Posted on 12/31/2001 8:02:26 AM PST by Magician

Thank you all for the Christmas cards, emails and messages offering words of support, encouragement and hope this last week. I apologise for not responding to an awful lot of them but each one was read and treasured, thank you.

All week we have been absolutely bombarded by State owned radio and television reports telling us that this has been the best Christmas for 100 years because Zimbabweans have been given back their land and are expecting "bumper harvests." I went away for a few days, traveled a couple of hundred kilometres and saw for myself the state of the crops on Zimbabwean farms and am still in a state of deep shock. On the entire 220 kilometres of my journey there were less than a dozen fields on the roadside growing a saleable crop.
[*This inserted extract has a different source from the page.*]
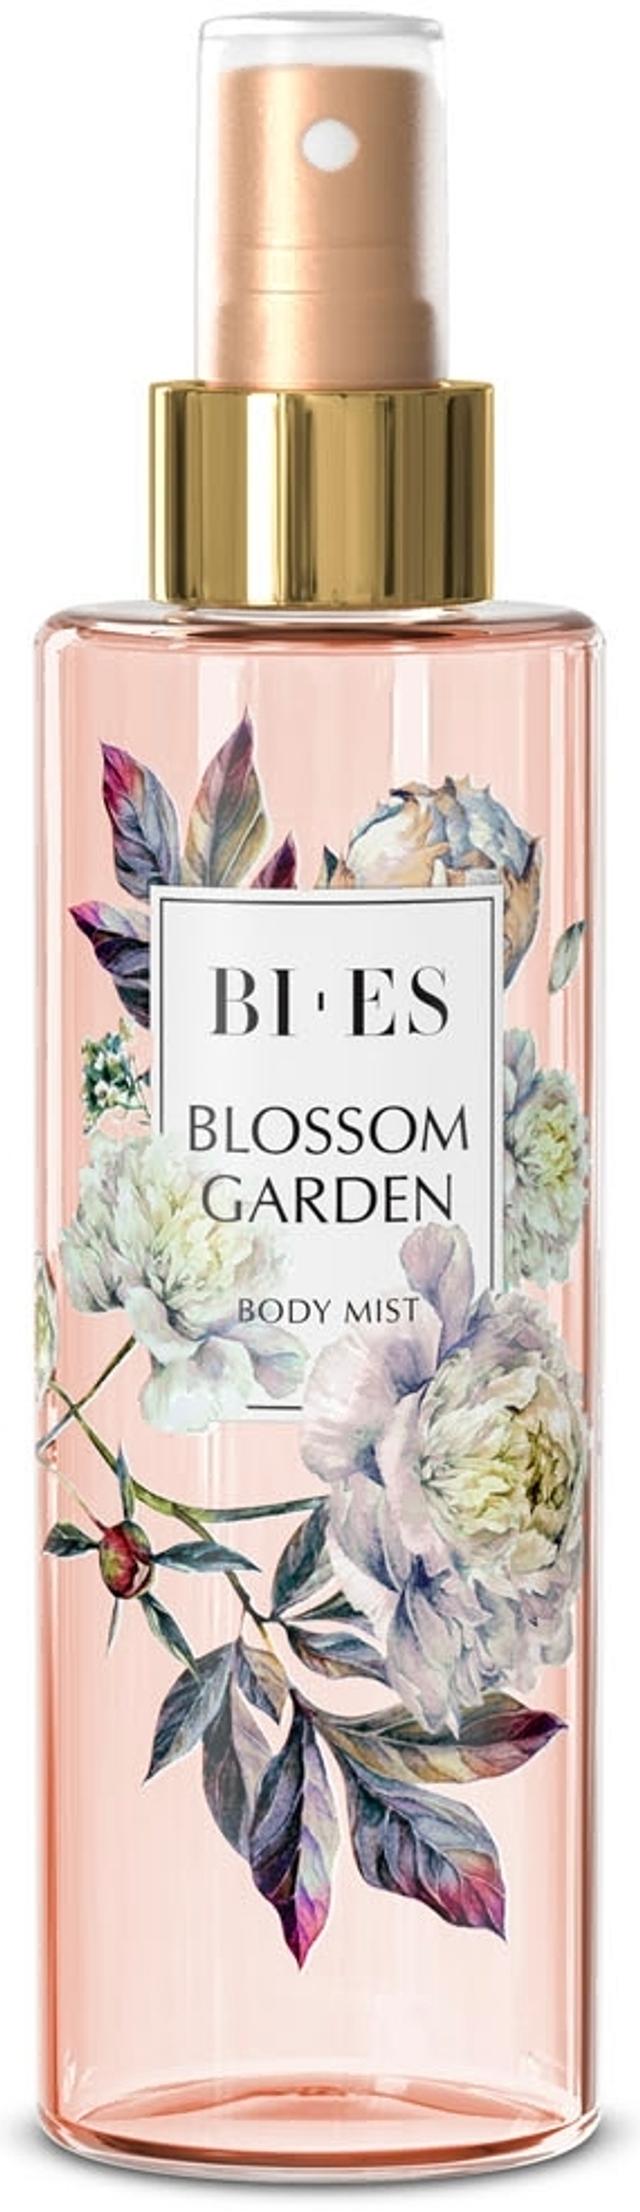 BI-ES Blossom Garden Body Mist 200ml

Of these not one was maize, Zimbabwe's staple food.

There were many dozens of little patches, some perhaps as big as one acre, where newly resettled farmers have claimed a vast field and managed to plant only a minute fraction of it with food. Zimbabwe's newly resettled farmers have not planted enough food for themselves, let alone a surplus with which to support 13 million Zimbabweans.

Perhaps what struck me most is that we have gone backwards in time. From tractors and pivot irrigation tending crops for sale to support the nation, the view now is of oxen pulling hand ploughs in little squares to feed perhaps one man and his wife for three or four months. Having been all my life in Africa and a farmer for a decade, I find it criminal in the extreme that our prime growing season is going to waste like this and that our Agriculture Minister is sitting in Harare saying that we are in for a bumper harvest.
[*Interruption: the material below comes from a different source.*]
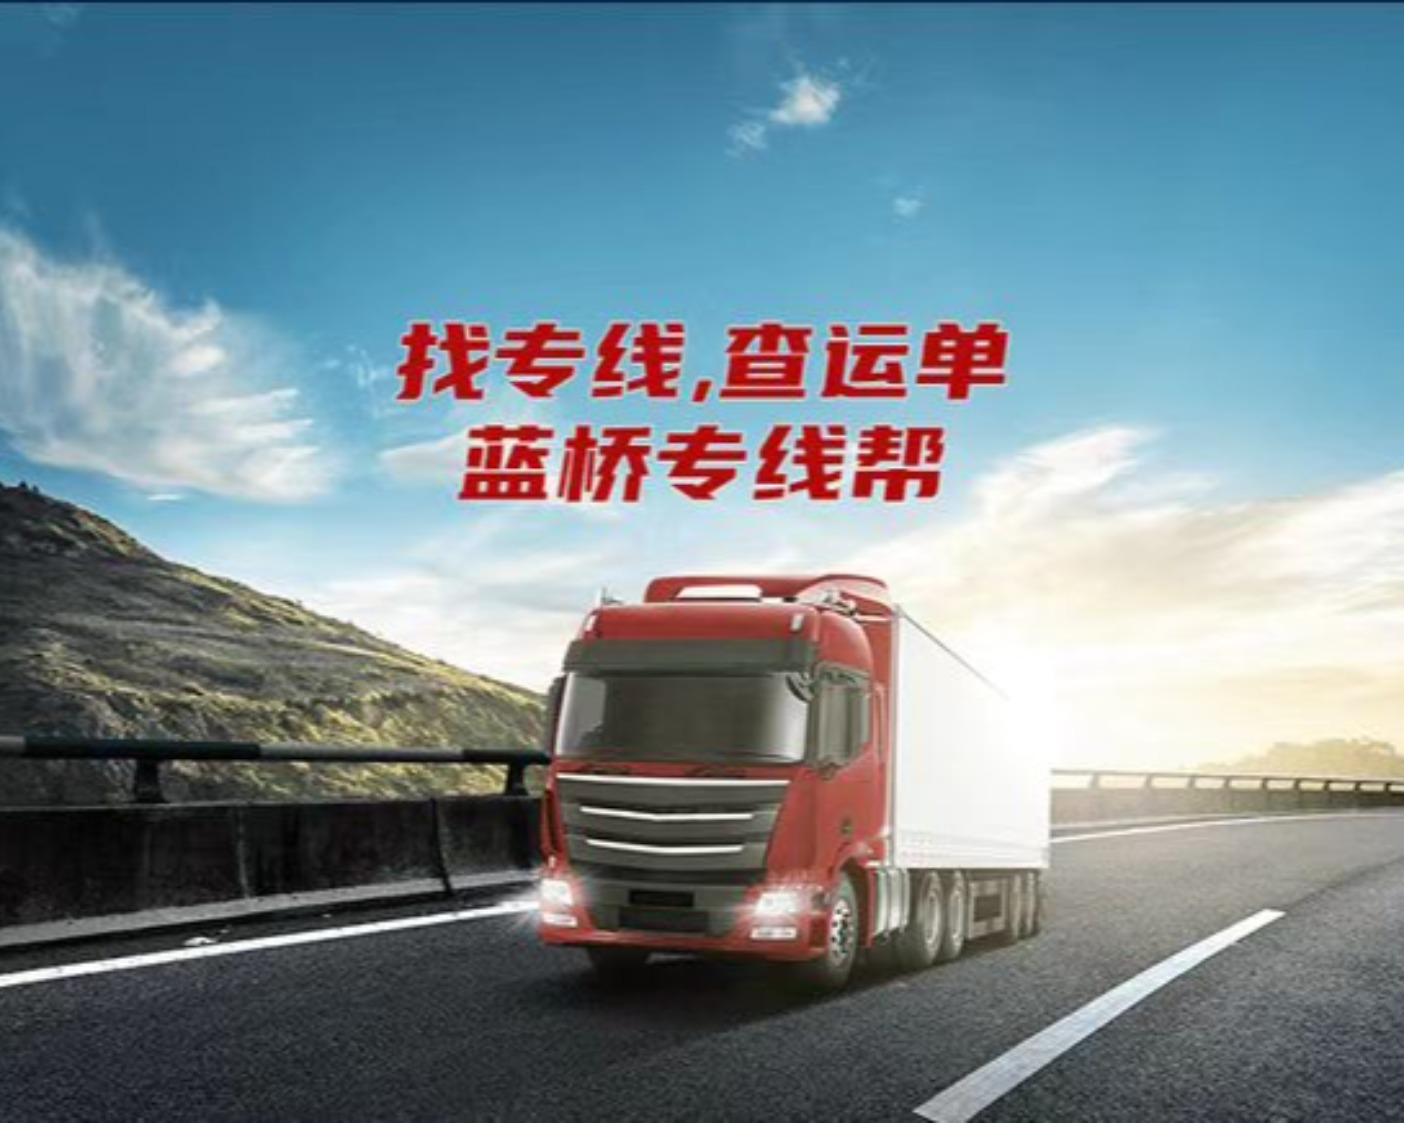 天津恒盛物流有限公司的专线公司的形象展示LOGO

More criminal is that our Minister of Environment is doing and saying nothing about the vast environmental degradation that lies there along the road sides for us all to see. On countless fields along the road dozens of indigenous trees have been hacked down to be replaced by one or two primitive grass huts. In the middle of timber plantations hundreds of prime trees, grown for poles and furniture, have been felled to make room for one ramshackle hut. On almost every field our 'new farmers' have planted maize along the river banks, gullies are visible, chemicals are leaching into our water systems, siltation has started, contours have been ploughed through.

We have gone from being a vastly productive country to one of primitive subsistence and all the highly-educated Ministers who govern us with their Masters degrees and Doctorates are saying nothing, doing nothing. They have watched in political silence as commercial farmers have been stopped from growing food by "war veterans", they have taken Zimbabwe back into the dark ages. For over a year I have been saying that starvation is approaching, this week I saw the reality of it.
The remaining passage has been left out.